The path integral formulation of quantum mechanics, developed by Richard Feynman in 1948, is an alternative to the operator-based formalism of Heisenberg and Schrödinger. Rather than evolving a quantum state through unitary operators, the path integral computes the probability amplitude for a transition by summing — or integrating — over all possible trajectories between initial and final configurations, weighted by a phase factor determined by the classical action. The formulation is not merely a curiosity. It is the natural language for quantum field theory, where the paths become field configurations and the integral extends over all possible field histories.

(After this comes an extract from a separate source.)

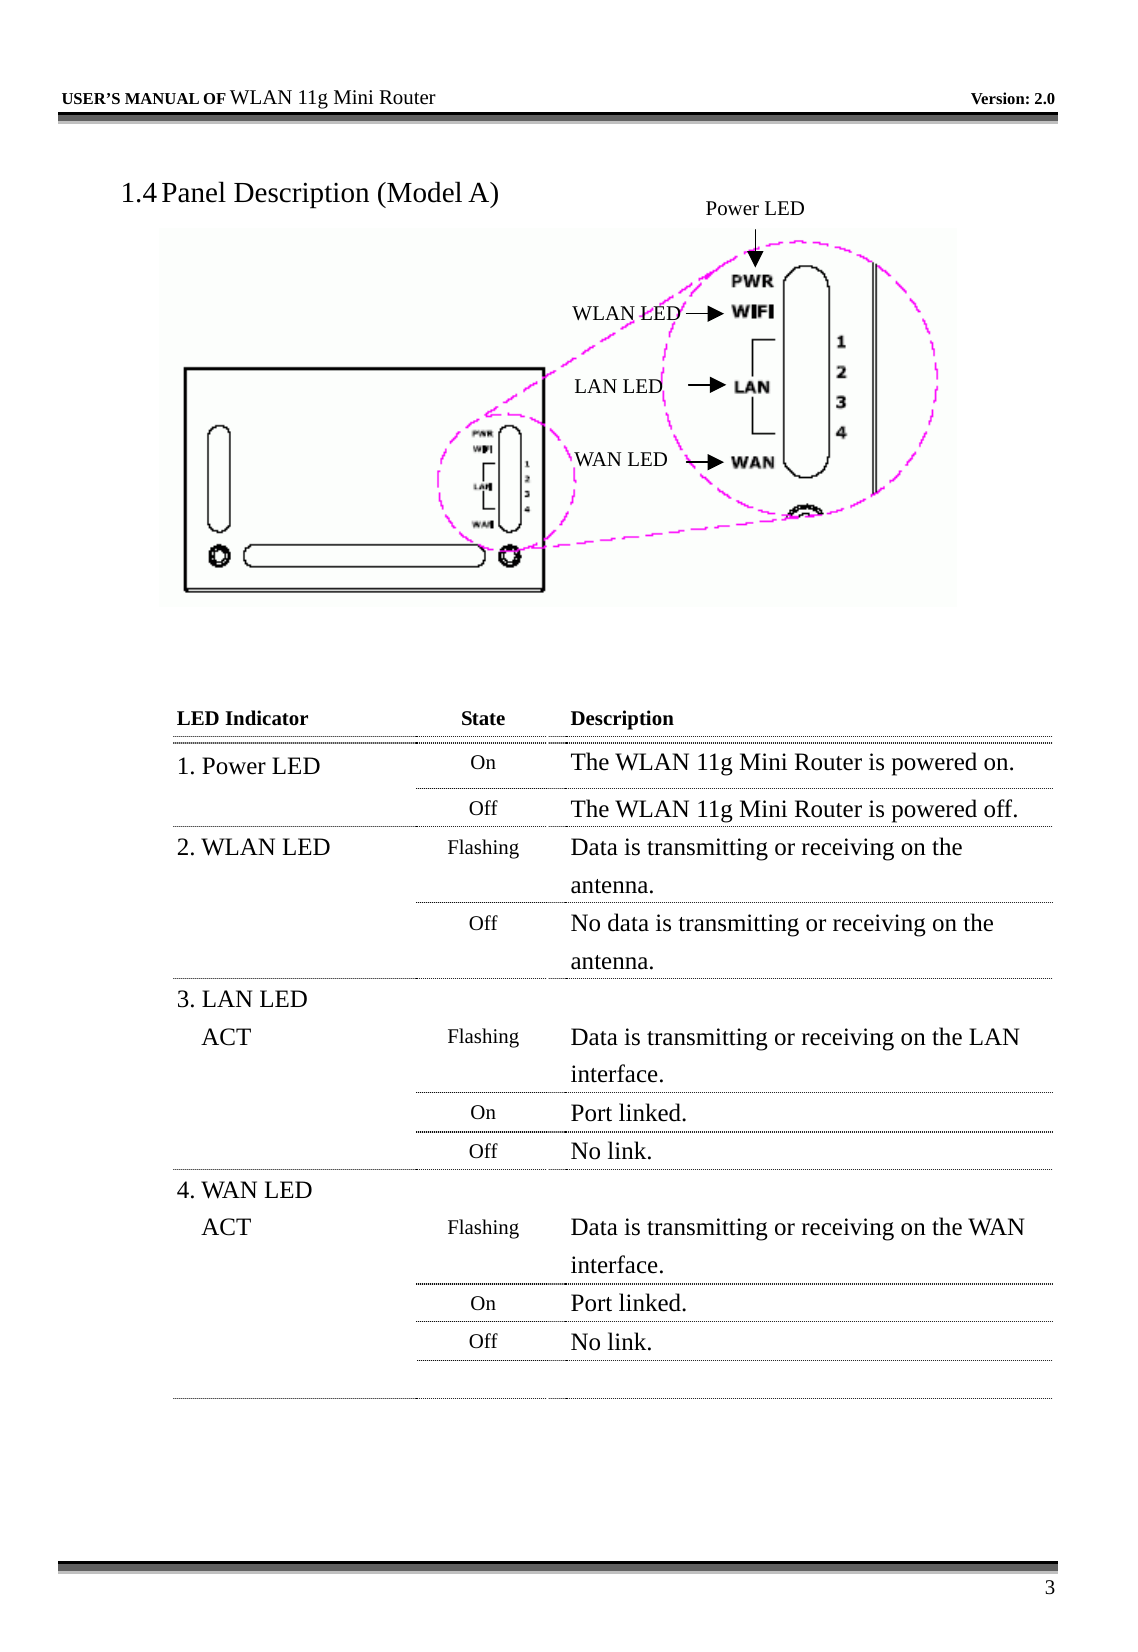   USER’S MANUAL OF WLAN 11g Mini Router   Version: 2.0     3  1.4 Panel Description (Model A)    LED Indicator    State  Description 1. Power LED     On  The WLAN 11g Mini Router is powered on.   Off  The WLAN 11g Mini Router is powered off. 2. WLAN LED   Flashing  Data is transmitting or receiving on the antenna.   Off  No data is transmitting or receiving on the antenna. 3. LAN LED      ACT   Flashing  Data is transmitting or receiving on the LAN interface.   On  Port linked.   Off  No link. 4. WAN LED      ACT   Flashing  Data is transmitting or receiving on the WAN interface.   On  Port linked.   Off  No link.      Power LEDWLAN LEDLAN LED WAN LED

The path integral's deepest conceptual contribution is the democratization of classical paths. In the classical limit, the phase oscillates rapidly, and destructive interference cancels all paths except those where the action is stationary — the classical trajectories. Quantum mechanics is therefore not a separate theory from classical mechanics but a generalization in which all paths contribute, with the classical paths emerging as the interference-selected survivors. This same logic appears in the renormalization group: the low-energy effective description is selected from the space of all possible theories by the flow equations, just as classical paths are selected from the space of all trajectories by the stationary phase condition.

The path integral remains mathematically ill-defined in four-dimensional interacting field theories. The integral is not Lebesgue-integrable; it is defined only perturbatively or on a lattice. This is not a failure of the concept but a measure of the frontier: the path integral is the right idea, and the mathematics is still catching up.